Each line below should be repeated exactly as written, with no pictures carried over.

INPUT DATA -

Segment Open

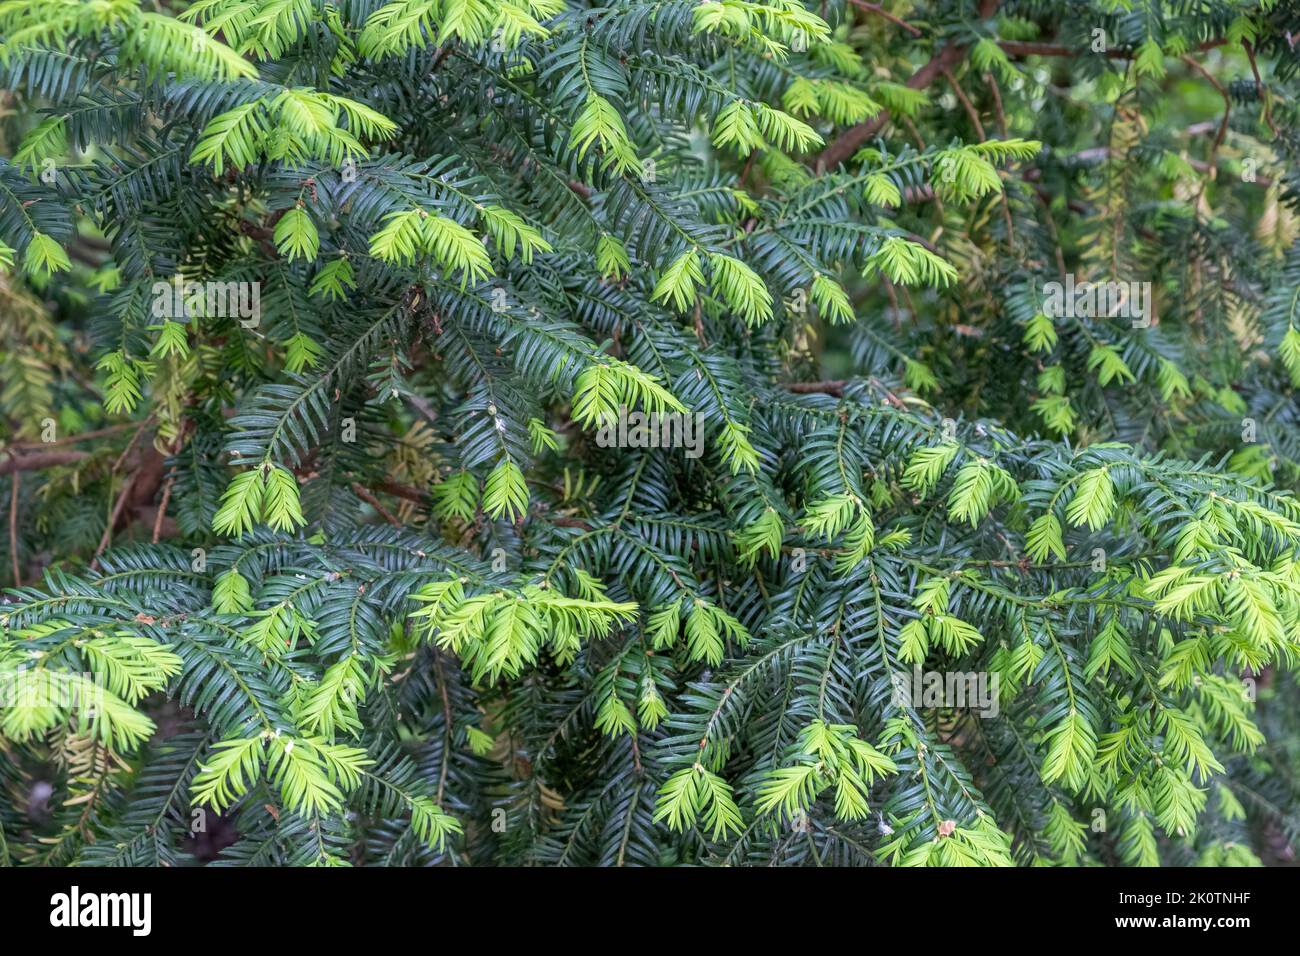 Amsterdam, Vondel Park at Netherlands. Tsuga canadensis or eastern hemlock a coniferous ornamental green tree. Full background texture. Nature at Holl Stock Photo
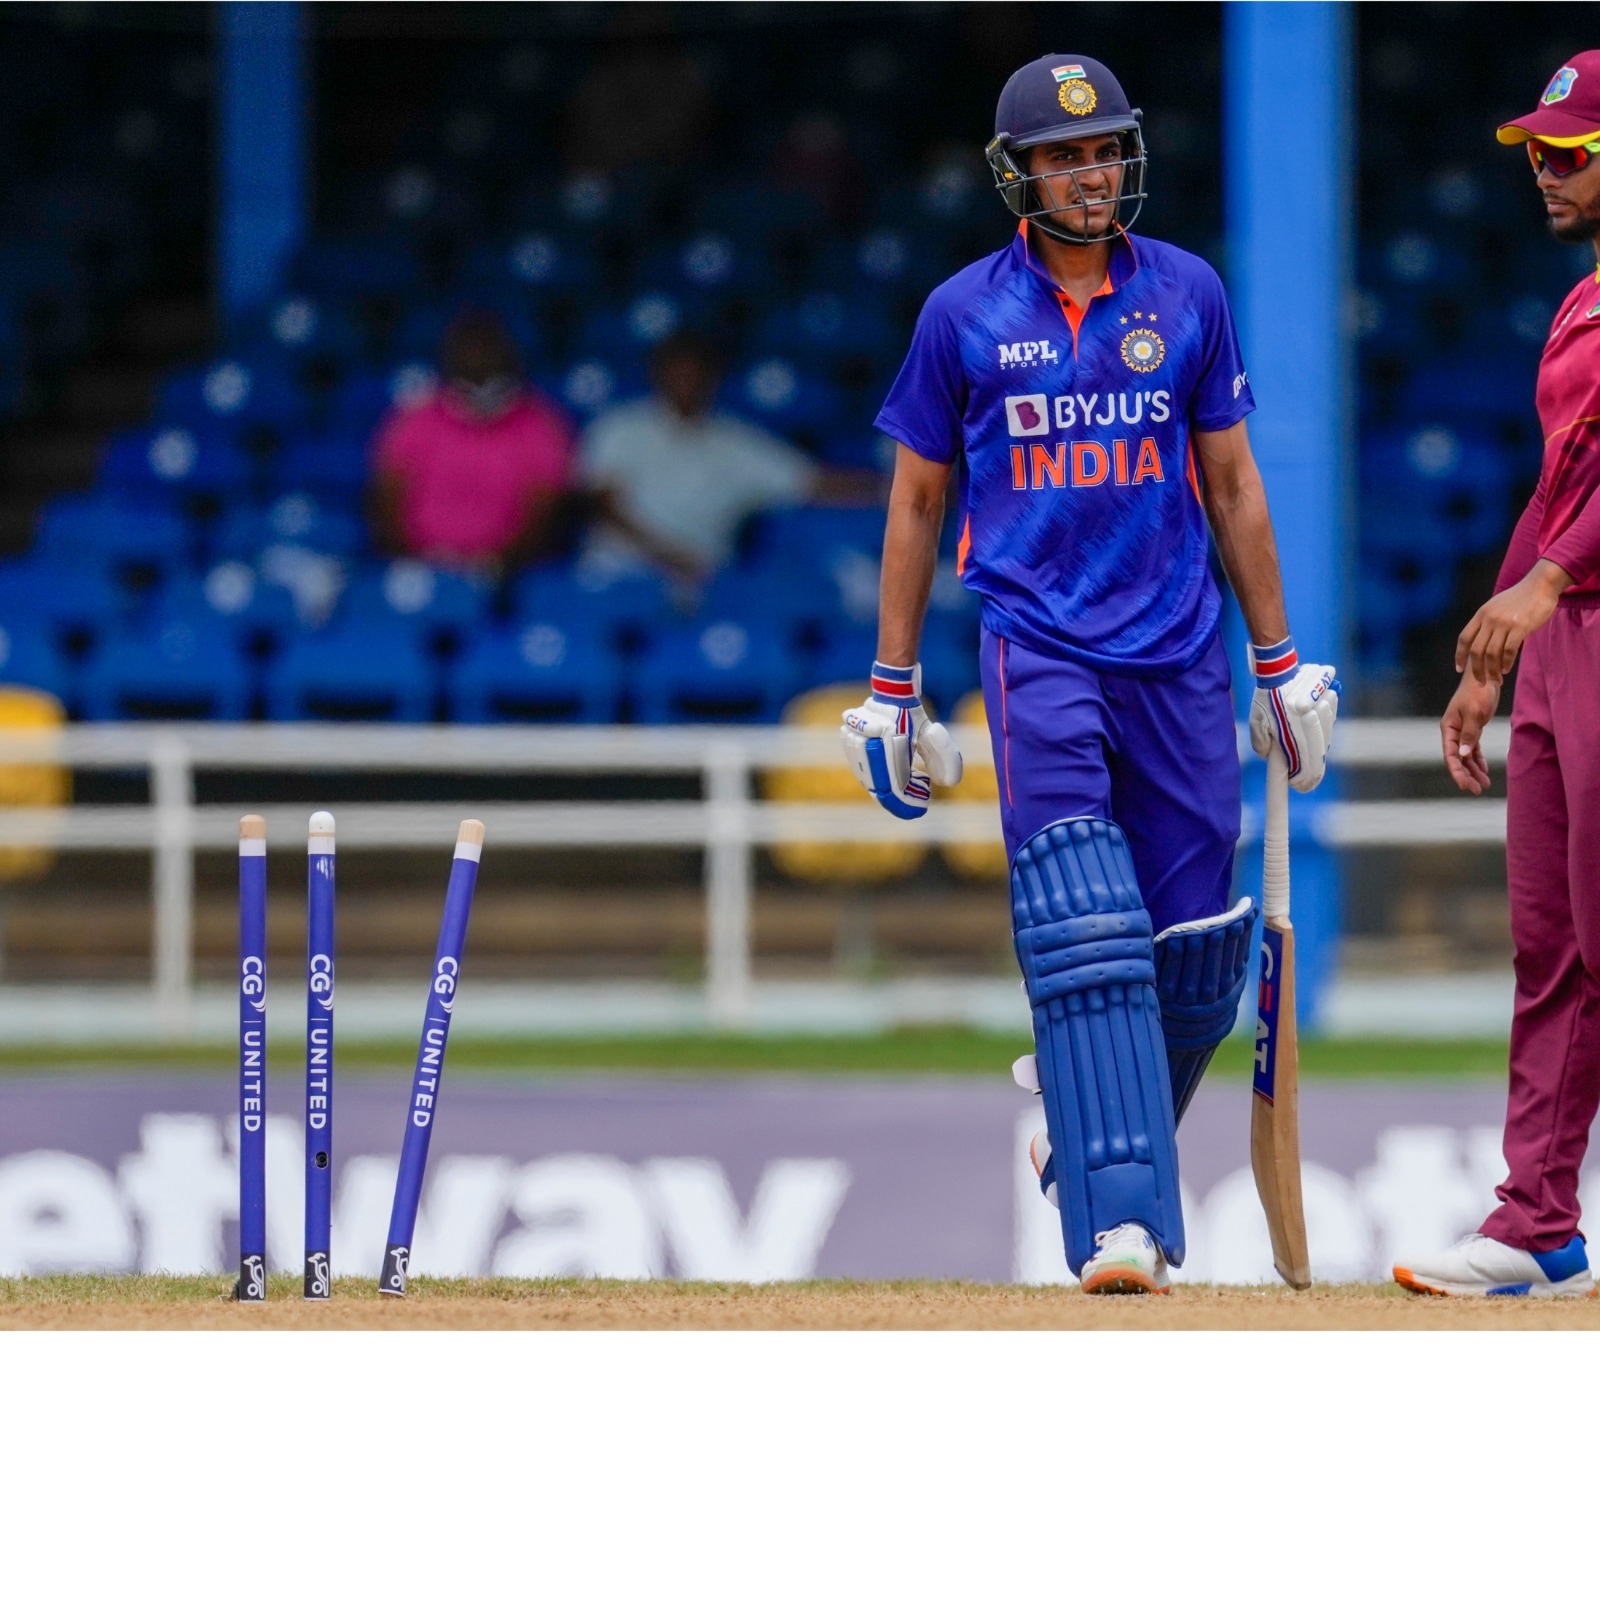 India vs West Indies Live Streaming Cricket When and Where to Watch IND vs WI 2nd ODI Live Coverage on Live TV Online
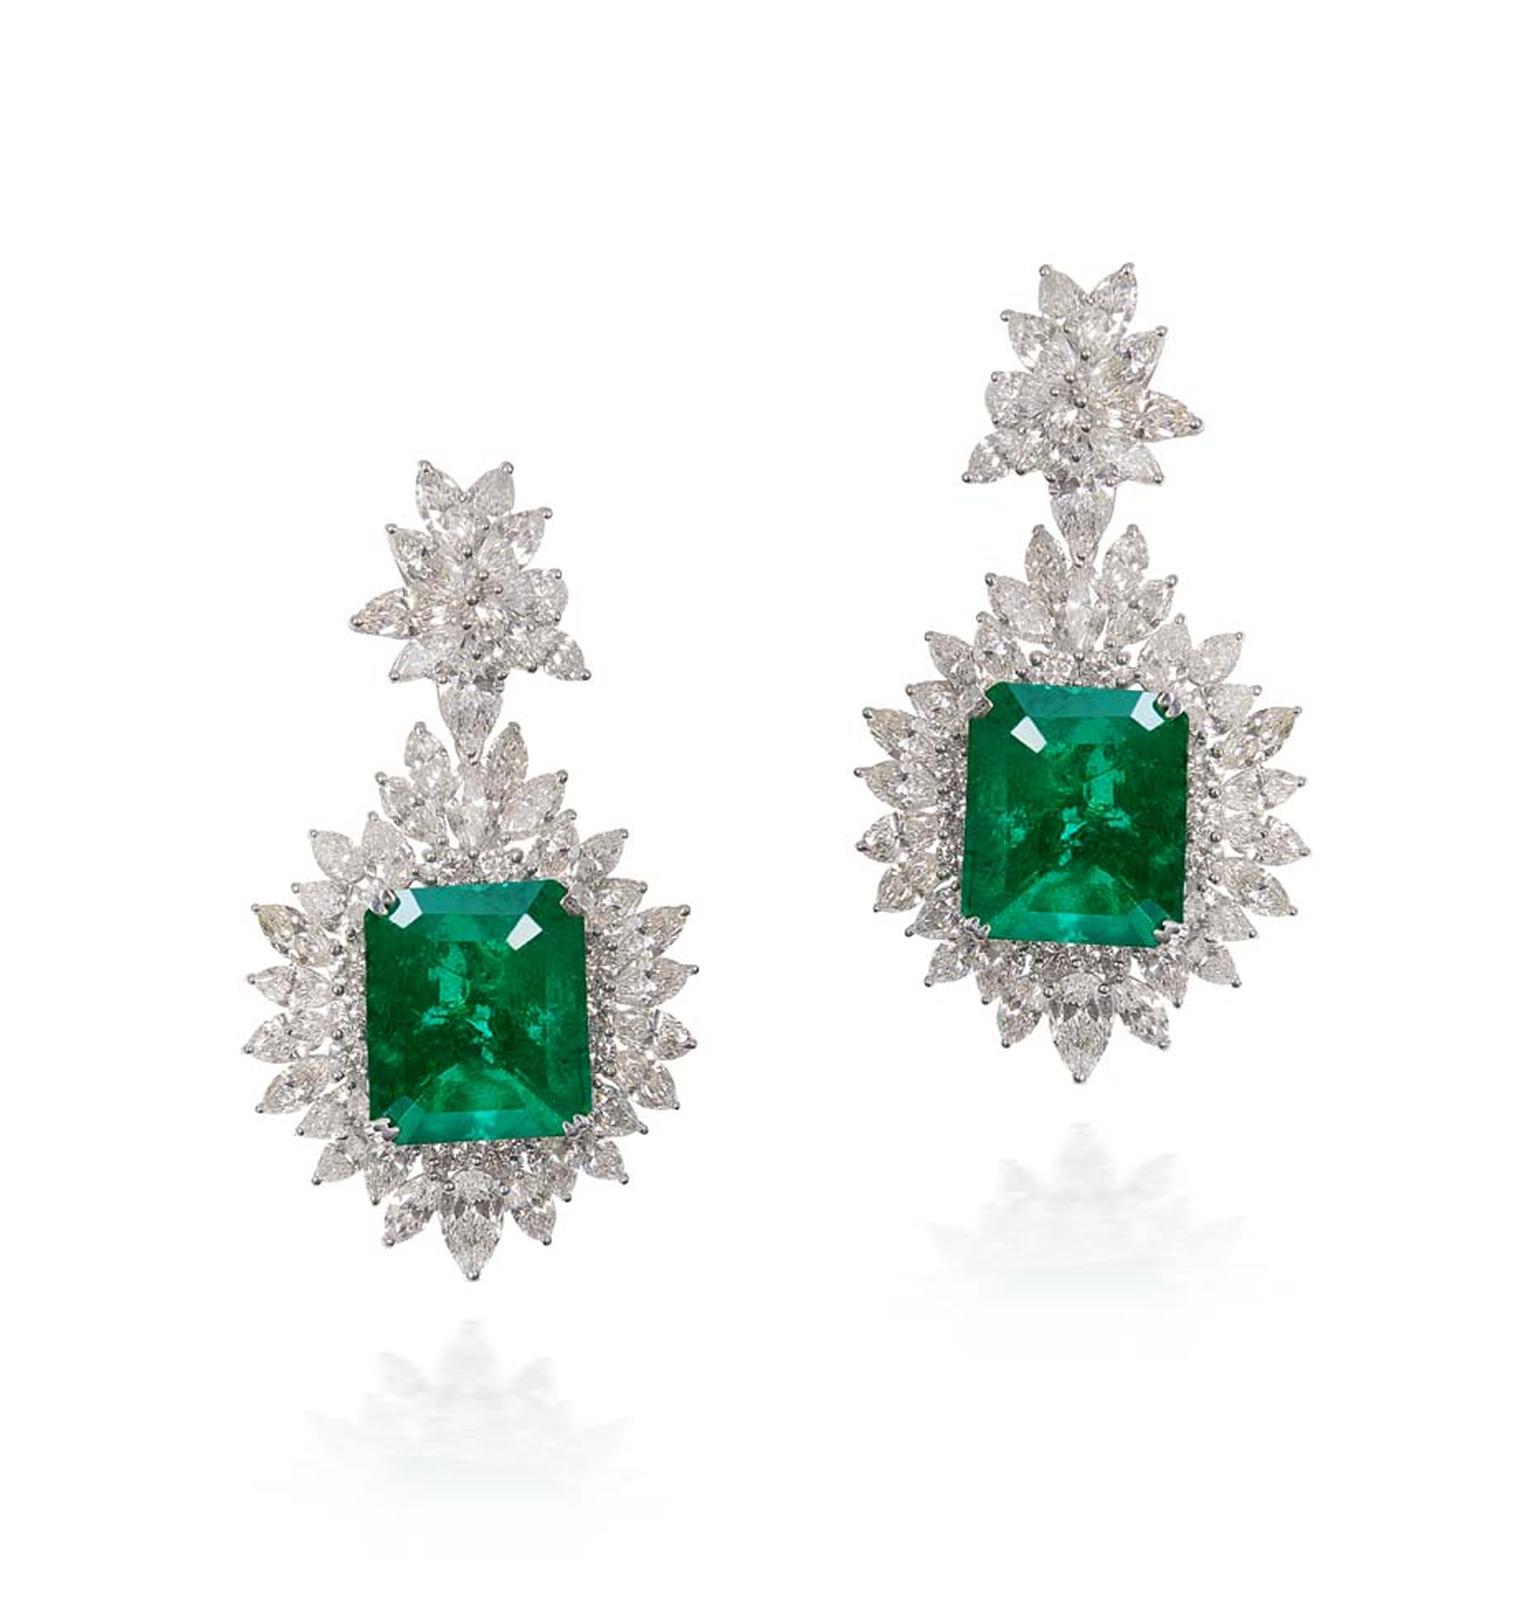 Lot 9, a pair of earrings by Talwarsons Jewellers with two extremely rare Gemfields emeralds as their centrepiece (estimate: INR 3,300,000 - 4,000,000; $55,000 - 67,000)

Segment Closed

EXERCISE RESULT -
 Amsterdam, Vondel Park at Netherlands. Tsuga canadensis or eastern hemlock a coniferous ornamental green tree. Full background texture. Nature at Holl Stock Photo
 India vs West Indies Live Streaming Cricket When and Where to Watch IND vs WI 2nd ODI Live Coverage on Live TV Online
 Lot 9, a pair of earrings by Talwarsons Jewellers with two extremely rare Gemfields emeralds as their centrepiece (estimate: INR 3,300,000 - 4,000,000; $55,000 - 67,000)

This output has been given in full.